Lula's government is close to obtaining an absolute majority in Congress, says analyst.
The president had an unfavorable start to his term, inheriting the Bolsonaro legacy, having to deal with the crisis between Lira and Pacheco, as well as with the president of the Central Bank.
Eduardo Maretti, Rebuildables - The institutional imbroglio pitting Arthur Lira (PP-AL) against Rodrigo Pacheco (PSD-MG), presidents of the Chamber of Deputies and the Senate respectively, is worrying the Lula government. However, the scenario also has positive aspects, from the point of view of the maturing of political relations since the inauguration of President Luiz Inácio Lula da Silva. This is because the head of government assumed the presidency under quite unfavorable conditions, according to journalist and political consultant Antônio Augusto de Queiroz, former director of documentation at the Inter-Union Department of Parliamentary Advisory (Diap).
He recalls that, firstly, Lula assumed office without an effective transition, since former president Jair Bolsonaro refused to participate in the process and left the country on December 30th. As a result, a large part of the responsibilities of the presidency were in Arthur Lira's office. The president and his allies even had to adopt measures to replenish the budget for 2023, already with the Transition Amendment in place in December.
“Taking on the role under these circumstances is no easy task,” says Queiroz. “In this scenario, it was even advisable for the government not to rush into anything, because it would be working in a minefield. First, it had to know where it was stepping,” he adds. That's what Lula did. This was partly because he began his term under pressure from the urgency of building a parliamentary base, which is not normally easy, and managing a series of powers and responsibilities of the President of the Republic.
Lula also has to deal with two figures who behave almost as if they were presidents of the Republic: Arthur Lira himself and the president of the Central Bank, Roberto Campos Neto. "It's delicate, because they are men linked to the market, which acts on expectations, and their opinions contaminate the market; it's necessary to carefully consider what you say," advises the analyst.
If, as Arthur Lira said earlier this month, Lula didn't even have a majority to approve mere bills or provisional measures, which require a simple majority, "today it's safe to say that the government does approve proposals by simple majority," according to Queiroz.
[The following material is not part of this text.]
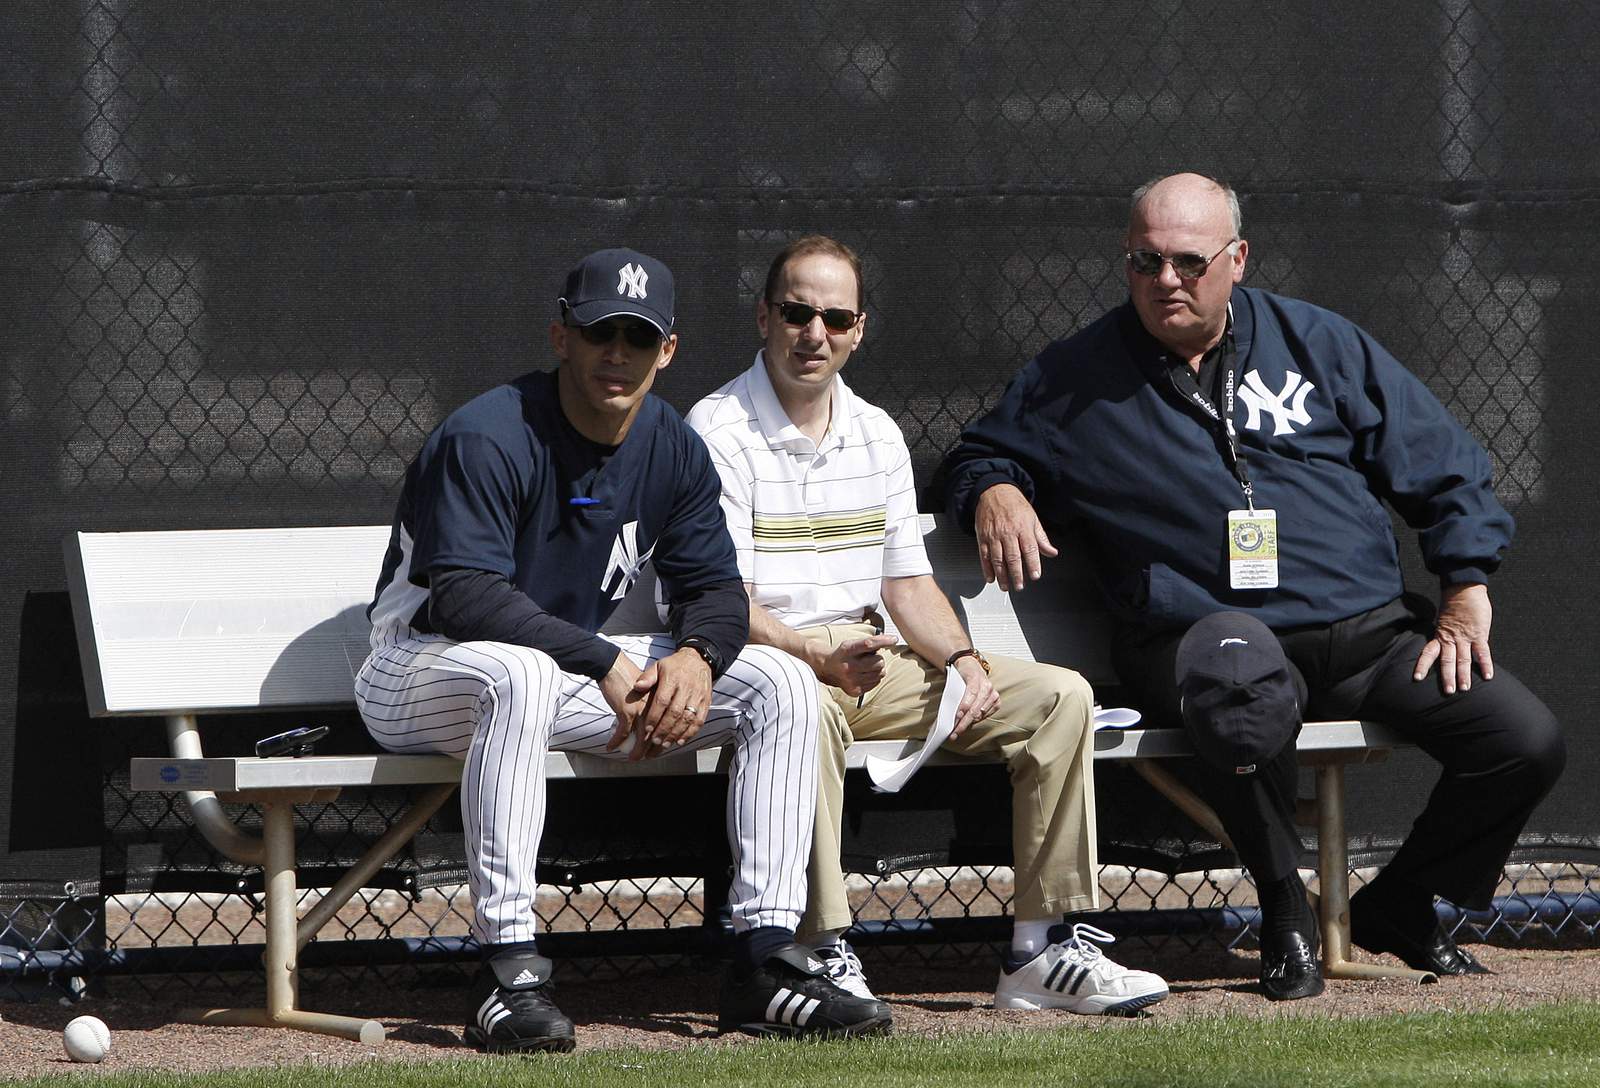 Mark Newman, oversaw Yankees' prospects, dead at 71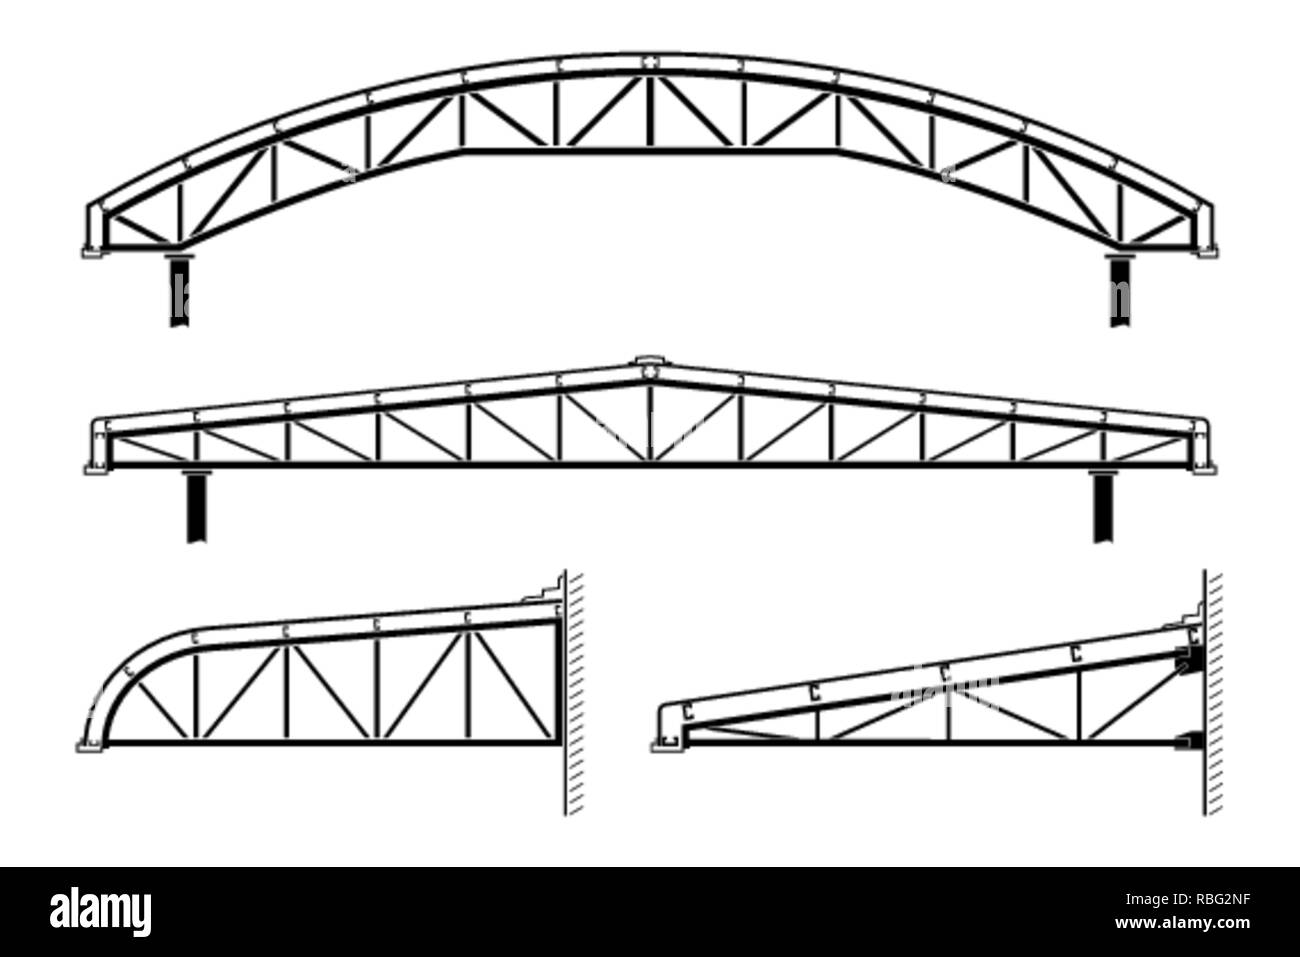 How to draw a fabrication weld drawing of a truss  Quora

He believes the Planalto Palace is "very close" to having an absolute majority. But it needs to accelerate the remaining appointments for the second tier of government.
Tax Framework
The fiscal framework is a supplementary bill. Therefore, it requires an absolute majority, half plus one of the votes of the entire Chamber, or 257 deputies. "In terms of constitutional amendments, the only matter that the government has that is most urgent is not a government issue, but a state issue: tax reform," Queiroz points out. So much so that the government is investing not in its own text, but in the alternatives from Congress itself that have already been extensively discussed, PECs 45 (in the Chamber) and 110 (in the Senate).
“Now, in the next 30 days, the real challenge will be,” assesses the analyst. The Planalto Palace needs to pave the way for the approval of 13 provisional measures, some of which absolutely cannot expire, which happens if they are not voted on within 120 days from the start of the legislature in February.
Priority provisional measures
These include the provisional measures that reorganize ministries; the one that creates the Bolsa Família program; the provisional measure for the Minha Casa Minha Vida program; and the provisional measure that reinstates the tie-breaking vote in favor of the Federal Revenue Service in the Administrative Council of Tax Appeals (CARF). These should be voted on following the normal procedural rules for provisional measures, starting with the formation of joint committees. The others can be transformed into bills under an expedited procedure.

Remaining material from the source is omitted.